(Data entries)
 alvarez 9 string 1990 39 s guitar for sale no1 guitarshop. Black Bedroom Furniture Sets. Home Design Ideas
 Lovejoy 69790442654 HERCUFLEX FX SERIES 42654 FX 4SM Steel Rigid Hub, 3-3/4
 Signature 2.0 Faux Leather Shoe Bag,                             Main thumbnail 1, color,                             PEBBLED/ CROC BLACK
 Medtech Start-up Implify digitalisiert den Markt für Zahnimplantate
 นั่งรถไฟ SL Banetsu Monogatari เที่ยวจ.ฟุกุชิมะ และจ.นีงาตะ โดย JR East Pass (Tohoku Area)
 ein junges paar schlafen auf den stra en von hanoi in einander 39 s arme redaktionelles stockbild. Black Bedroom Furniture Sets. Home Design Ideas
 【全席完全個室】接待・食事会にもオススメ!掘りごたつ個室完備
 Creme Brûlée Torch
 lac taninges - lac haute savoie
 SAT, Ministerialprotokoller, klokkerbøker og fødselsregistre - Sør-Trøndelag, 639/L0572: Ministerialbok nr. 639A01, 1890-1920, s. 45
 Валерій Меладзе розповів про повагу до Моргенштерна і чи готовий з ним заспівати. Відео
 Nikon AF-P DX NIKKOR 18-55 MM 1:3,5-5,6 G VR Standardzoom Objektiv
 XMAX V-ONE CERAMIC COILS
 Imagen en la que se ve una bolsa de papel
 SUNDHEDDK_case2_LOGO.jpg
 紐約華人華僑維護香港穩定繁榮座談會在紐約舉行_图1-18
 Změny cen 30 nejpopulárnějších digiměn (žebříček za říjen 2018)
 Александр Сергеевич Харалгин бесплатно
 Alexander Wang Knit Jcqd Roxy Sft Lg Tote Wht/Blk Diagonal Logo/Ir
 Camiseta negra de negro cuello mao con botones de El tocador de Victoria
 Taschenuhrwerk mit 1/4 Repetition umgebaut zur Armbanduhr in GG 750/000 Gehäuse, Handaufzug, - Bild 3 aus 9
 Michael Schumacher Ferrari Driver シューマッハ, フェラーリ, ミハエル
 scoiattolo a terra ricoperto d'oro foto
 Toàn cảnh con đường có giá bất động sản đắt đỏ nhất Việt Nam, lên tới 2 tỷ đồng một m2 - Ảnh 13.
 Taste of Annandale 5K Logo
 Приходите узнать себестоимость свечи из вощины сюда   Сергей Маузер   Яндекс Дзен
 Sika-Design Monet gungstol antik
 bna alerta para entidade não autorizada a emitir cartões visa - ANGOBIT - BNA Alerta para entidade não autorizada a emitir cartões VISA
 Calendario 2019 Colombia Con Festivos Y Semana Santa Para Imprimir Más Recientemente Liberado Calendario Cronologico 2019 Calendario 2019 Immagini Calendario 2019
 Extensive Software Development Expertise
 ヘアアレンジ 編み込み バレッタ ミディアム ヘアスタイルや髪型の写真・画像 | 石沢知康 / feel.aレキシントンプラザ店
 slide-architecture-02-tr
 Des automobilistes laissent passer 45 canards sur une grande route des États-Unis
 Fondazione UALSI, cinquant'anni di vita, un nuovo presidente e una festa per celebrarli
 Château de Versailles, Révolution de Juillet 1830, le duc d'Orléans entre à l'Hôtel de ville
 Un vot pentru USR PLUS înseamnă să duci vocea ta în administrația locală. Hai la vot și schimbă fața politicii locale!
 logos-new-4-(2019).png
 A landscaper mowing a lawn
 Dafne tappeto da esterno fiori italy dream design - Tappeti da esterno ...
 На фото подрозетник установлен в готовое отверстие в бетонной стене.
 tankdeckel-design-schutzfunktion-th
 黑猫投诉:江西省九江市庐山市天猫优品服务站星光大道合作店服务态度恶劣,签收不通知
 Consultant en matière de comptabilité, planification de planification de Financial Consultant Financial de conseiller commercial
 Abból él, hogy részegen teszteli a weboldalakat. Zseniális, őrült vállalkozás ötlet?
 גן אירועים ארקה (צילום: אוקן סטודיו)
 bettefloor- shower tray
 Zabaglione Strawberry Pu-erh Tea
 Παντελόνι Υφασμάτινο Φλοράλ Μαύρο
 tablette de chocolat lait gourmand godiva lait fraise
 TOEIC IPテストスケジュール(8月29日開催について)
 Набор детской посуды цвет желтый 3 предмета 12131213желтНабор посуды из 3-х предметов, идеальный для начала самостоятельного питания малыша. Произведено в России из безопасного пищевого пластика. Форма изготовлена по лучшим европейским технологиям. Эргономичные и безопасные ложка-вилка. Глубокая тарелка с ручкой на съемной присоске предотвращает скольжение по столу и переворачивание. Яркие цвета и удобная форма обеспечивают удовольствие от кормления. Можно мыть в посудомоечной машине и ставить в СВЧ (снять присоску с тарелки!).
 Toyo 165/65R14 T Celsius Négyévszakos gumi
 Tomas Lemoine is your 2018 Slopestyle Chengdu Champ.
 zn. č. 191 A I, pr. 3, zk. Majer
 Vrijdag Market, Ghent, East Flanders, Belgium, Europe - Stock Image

**EXERCISE PROMPT**
Write out all the entries once more, exactly.

**WRITTEN ANSWER**
 alvarez 9 string 1990 39 s guitar for sale no1 guitarshop. Black Bedroom Furniture Sets. Home Design Ideas
 Lovejoy 69790442654 HERCUFLEX FX SERIES 42654 FX 4SM Steel Rigid Hub, 3-3/4
 Signature 2.0 Faux Leather Shoe Bag,                             Main thumbnail 1, color,                             PEBBLED/ CROC BLACK
 Medtech Start-up Implify digitalisiert den Markt für Zahnimplantate
 นั่งรถไฟ SL Banetsu Monogatari เที่ยวจ.ฟุกุชิมะ และจ.นีงาตะ โดย JR East Pass (Tohoku Area)
 ein junges paar schlafen auf den stra en von hanoi in einander 39 s arme redaktionelles stockbild. Black Bedroom Furniture Sets. Home Design Ideas
 【全席完全個室】接待・食事会にもオススメ!掘りごたつ個室完備
 Creme Brûlée Torch
 lac taninges - lac haute savoie
 SAT, Ministerialprotokoller, klokkerbøker og fødselsregistre - Sør-Trøndelag, 639/L0572: Ministerialbok nr. 639A01, 1890-1920, s. 45
 Валерій Меладзе розповів про повагу до Моргенштерна і чи готовий з ним заспівати. Відео
 Nikon AF-P DX NIKKOR 18-55 MM 1:3,5-5,6 G VR Standardzoom Objektiv
 XMAX V-ONE CERAMIC COILS
 Imagen en la que se ve una bolsa de papel
 SUNDHEDDK_case2_LOGO.jpg
 紐約華人華僑維護香港穩定繁榮座談會在紐約舉行_图1-18
 Změny cen 30 nejpopulárnějších digiměn (žebříček za říjen 2018)
 Александр Сергеевич Харалгин бесплатно
 Alexander Wang Knit Jcqd Roxy Sft Lg Tote Wht/Blk Diagonal Logo/Ir
 Camiseta negra de negro cuello mao con botones de El tocador de Victoria
 Taschenuhrwerk mit 1/4 Repetition umgebaut zur Armbanduhr in GG 750/000 Gehäuse, Handaufzug, - Bild 3 aus 9
 Michael Schumacher Ferrari Driver シューマッハ, フェラーリ, ミハエル
 scoiattolo a terra ricoperto d'oro foto
 Toàn cảnh con đường có giá bất động sản đắt đỏ nhất Việt Nam, lên tới 2 tỷ đồng một m2 - Ảnh 13.
 Taste of Annandale 5K Logo
 Приходите узнать себестоимость свечи из вощины сюда   Сергей Маузер   Яндекс Дзен
 Sika-Design Monet gungstol antik
 bna alerta para entidade não autorizada a emitir cartões visa - ANGOBIT - BNA Alerta para entidade não autorizada a emitir cartões VISA
 Calendario 2019 Colombia Con Festivos Y Semana Santa Para Imprimir Más Recientemente Liberado Calendario Cronologico 2019 Calendario 2019 Immagini Calendario 2019
 Extensive Software Development Expertise
 ヘアアレンジ 編み込み バレッタ ミディアム ヘアスタイルや髪型の写真・画像 | 石沢知康 / feel.aレキシントンプラザ店
 slide-architecture-02-tr
 Des automobilistes laissent passer 45 canards sur une grande route des États-Unis
 Fondazione UALSI, cinquant'anni di vita, un nuovo presidente e una festa per celebrarli
 Château de Versailles, Révolution de Juillet 1830, le duc d'Orléans entre à l'Hôtel de ville
 Un vot pentru USR PLUS înseamnă să duci vocea ta în administrația locală. Hai la vot și schimbă fața politicii locale!
 logos-new-4-(2019).png
 A landscaper mowing a lawn
 Dafne tappeto da esterno fiori italy dream design - Tappeti da esterno ...
 На фото подрозетник установлен в готовое отверстие в бетонной стене.
 tankdeckel-design-schutzfunktion-th
 黑猫投诉:江西省九江市庐山市天猫优品服务站星光大道合作店服务态度恶劣,签收不通知
 Consultant en matière de comptabilité, planification de planification de Financial Consultant Financial de conseiller commercial
 Abból él, hogy részegen teszteli a weboldalakat. Zseniális, őrült vállalkozás ötlet?
 גן אירועים ארקה (צילום: אוקן סטודיו)
 bettefloor- shower tray
 Zabaglione Strawberry Pu-erh Tea
 Παντελόνι Υφασμάτινο Φλοράλ Μαύρο
 tablette de chocolat lait gourmand godiva lait fraise
 TOEIC IPテストスケジュール(8月29日開催について)
 Набор детской посуды цвет желтый 3 предмета 12131213желтНабор посуды из 3-х предметов, идеальный для начала самостоятельного питания малыша. Произведено в России из безопасного пищевого пластика. Форма изготовлена по лучшим европейским технологиям. Эргономичные и безопасные ложка-вилка. Глубокая тарелка с ручкой на съемной присоске предотвращает скольжение по столу и переворачивание. Яркие цвета и удобная форма обеспечивают удовольствие от кормления. Можно мыть в посудомоечной машине и ставить в СВЧ (снять присоску с тарелки!).
 Toyo 165/65R14 T Celsius Négyévszakos gumi
 Tomas Lemoine is your 2018 Slopestyle Chengdu Champ.
 zn. č. 191 A I, pr. 3, zk. Majer
 Vrijdag Market, Ghent, East Flanders, Belgium, Europe - Stock Image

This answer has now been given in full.